_PROBLEM DESCRIPTION_.
Look for the word "sich" in the entries and copy each line where it appears.

_EXCERPTED DATA_.

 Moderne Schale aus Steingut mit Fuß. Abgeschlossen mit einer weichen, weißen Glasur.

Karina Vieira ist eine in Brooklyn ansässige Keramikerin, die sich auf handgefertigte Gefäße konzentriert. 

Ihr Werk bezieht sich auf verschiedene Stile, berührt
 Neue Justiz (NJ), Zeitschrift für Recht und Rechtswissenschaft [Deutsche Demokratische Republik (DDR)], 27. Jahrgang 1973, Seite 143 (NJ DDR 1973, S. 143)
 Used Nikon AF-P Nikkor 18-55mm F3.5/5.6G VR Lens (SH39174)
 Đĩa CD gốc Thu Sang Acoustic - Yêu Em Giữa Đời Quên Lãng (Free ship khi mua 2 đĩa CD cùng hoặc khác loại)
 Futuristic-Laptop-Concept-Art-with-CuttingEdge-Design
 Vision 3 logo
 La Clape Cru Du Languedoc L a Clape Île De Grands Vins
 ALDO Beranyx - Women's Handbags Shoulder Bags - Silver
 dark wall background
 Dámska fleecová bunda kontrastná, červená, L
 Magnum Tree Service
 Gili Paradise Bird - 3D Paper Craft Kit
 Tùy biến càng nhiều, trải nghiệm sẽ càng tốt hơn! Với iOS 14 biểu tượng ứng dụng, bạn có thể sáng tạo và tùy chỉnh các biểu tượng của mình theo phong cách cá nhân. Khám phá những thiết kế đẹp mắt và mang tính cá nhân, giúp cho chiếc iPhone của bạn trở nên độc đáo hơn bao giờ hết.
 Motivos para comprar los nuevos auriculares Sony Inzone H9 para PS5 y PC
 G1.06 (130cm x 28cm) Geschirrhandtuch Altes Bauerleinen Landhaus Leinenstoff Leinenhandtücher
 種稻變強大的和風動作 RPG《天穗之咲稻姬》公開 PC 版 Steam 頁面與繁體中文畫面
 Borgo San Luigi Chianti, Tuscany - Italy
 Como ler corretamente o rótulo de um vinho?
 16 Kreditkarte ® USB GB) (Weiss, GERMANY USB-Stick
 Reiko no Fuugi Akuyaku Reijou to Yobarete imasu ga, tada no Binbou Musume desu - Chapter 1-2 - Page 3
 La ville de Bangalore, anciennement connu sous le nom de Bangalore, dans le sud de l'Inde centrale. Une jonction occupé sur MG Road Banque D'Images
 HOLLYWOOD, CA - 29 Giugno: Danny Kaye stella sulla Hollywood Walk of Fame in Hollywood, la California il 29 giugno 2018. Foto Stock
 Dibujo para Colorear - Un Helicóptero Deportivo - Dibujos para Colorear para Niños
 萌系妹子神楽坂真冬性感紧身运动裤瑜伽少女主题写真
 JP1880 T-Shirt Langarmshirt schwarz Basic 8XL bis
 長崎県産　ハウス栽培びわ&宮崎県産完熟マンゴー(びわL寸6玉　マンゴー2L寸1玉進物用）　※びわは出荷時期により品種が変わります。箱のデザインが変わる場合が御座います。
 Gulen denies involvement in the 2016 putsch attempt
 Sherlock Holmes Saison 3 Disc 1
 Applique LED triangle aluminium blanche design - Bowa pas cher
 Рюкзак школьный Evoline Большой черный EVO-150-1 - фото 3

_OUTPUT_.
Karina Vieira ist eine in Brooklyn ansässige Keramikerin, die sich auf handgefertigte Gefäße konzentriert. 
Ihr Werk bezieht sich auf verschiedene Stile, berührt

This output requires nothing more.